Comment by Gary Farber —
March 17, 2005 @ 8:01 am
Incidentally, while this also makes the *24* producers look stupid, I thought you might be interested.
Gotta say I’m getting pretty tired of having to retype my personal info, by the way (particularly since *Crooked Timber* and some other blogs have also now switched to a half-broken commenting system, with no line breaking, etc).
Comment by Glaivester —
March 17, 2005 @ 9:59 am
I think that Law and Order is a bad example of a show where we know he’s guilty so we justify torture. Generally, in Law and Order we only know what the police know.
.
By the way, we aren’t allowed to copy and paste quotes from previous posters/ Every time I do, I get “XHTML not formed correctly.”
Comment by Dick Durata —
March 17, 2005 @ 11:29 am
Good old Dershy has moved from talking about torture needing a special torture warrent, issued by Judge Dershy, to saying needles under the fingernails never killed anybody, so it’s not torture. Soon he’ll issue his legal view on nailing peoples head to the floor. Well, it all depends on the size of the nail.
Comment by Kevin Carson —
March 18, 2005 @ 12:55 am
What I find most horrifying of all (from my self-centered perspective) is that so many MPs in the reserves are policemen in their civilian lives. And when they come back home, guess what they’ll be doing?
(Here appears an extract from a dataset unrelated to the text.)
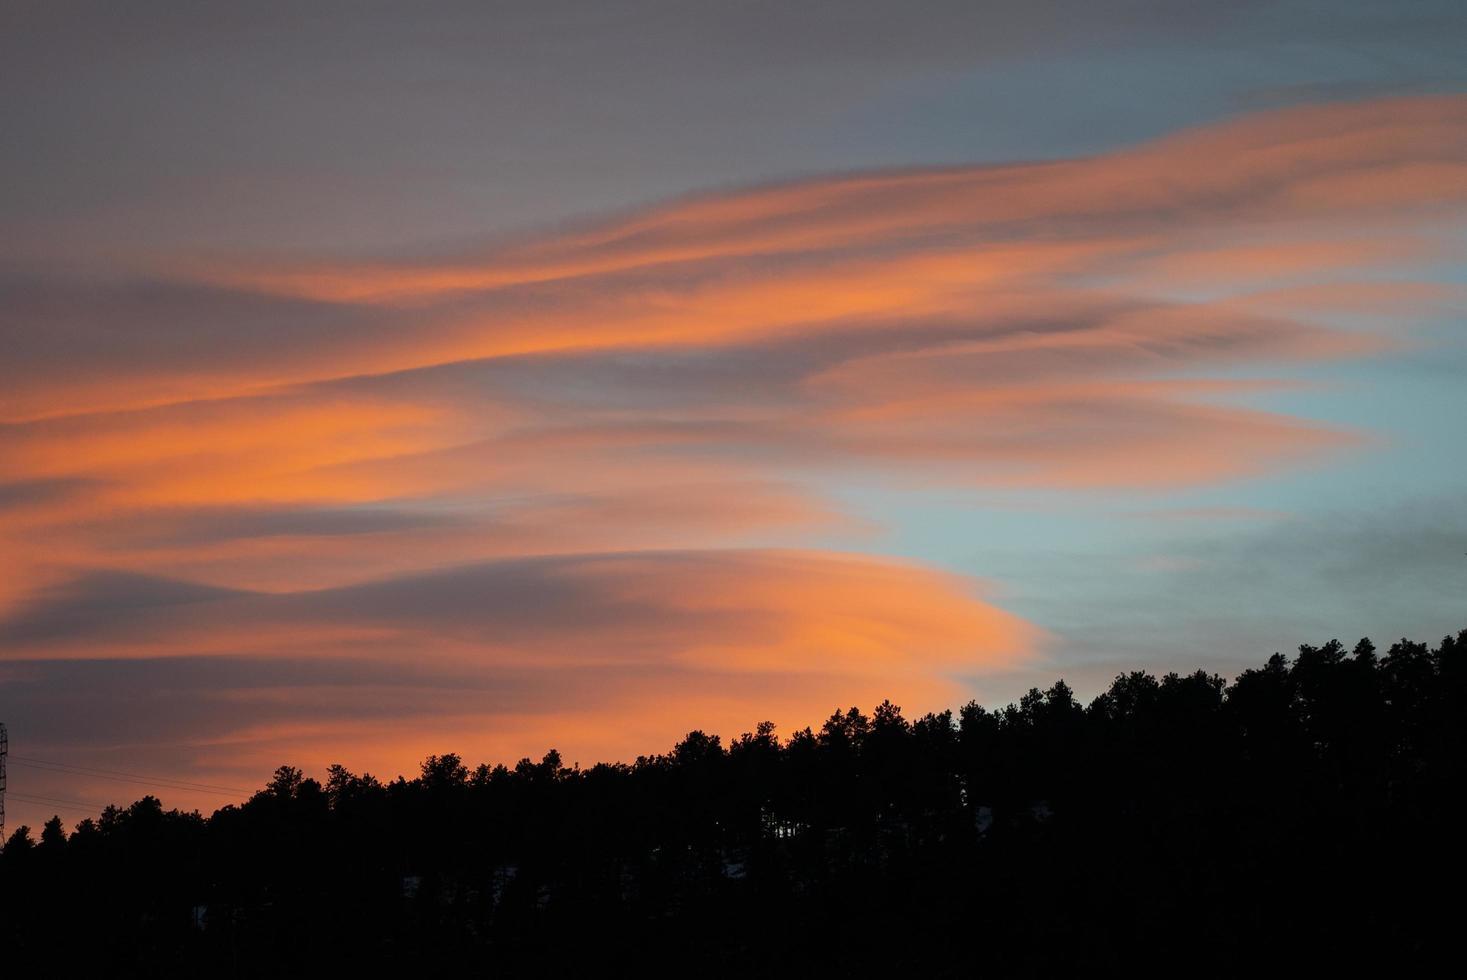 Schattenbild der Bäume während des Sonnenuntergangs foto

Given the militarization of police, and the cultural cross contamination between the military and law enforcement over the past thirty years, how can we expect this NOT to spill over into the civilian world?
Comment by M. Simon —
March 18, 2005 @ 11:09 pm
One thing you get is changes in the amygdala. Depending on your genetics the changes could last a life time.
These changes if long lasting lead people to alcohol and other drugs for relief.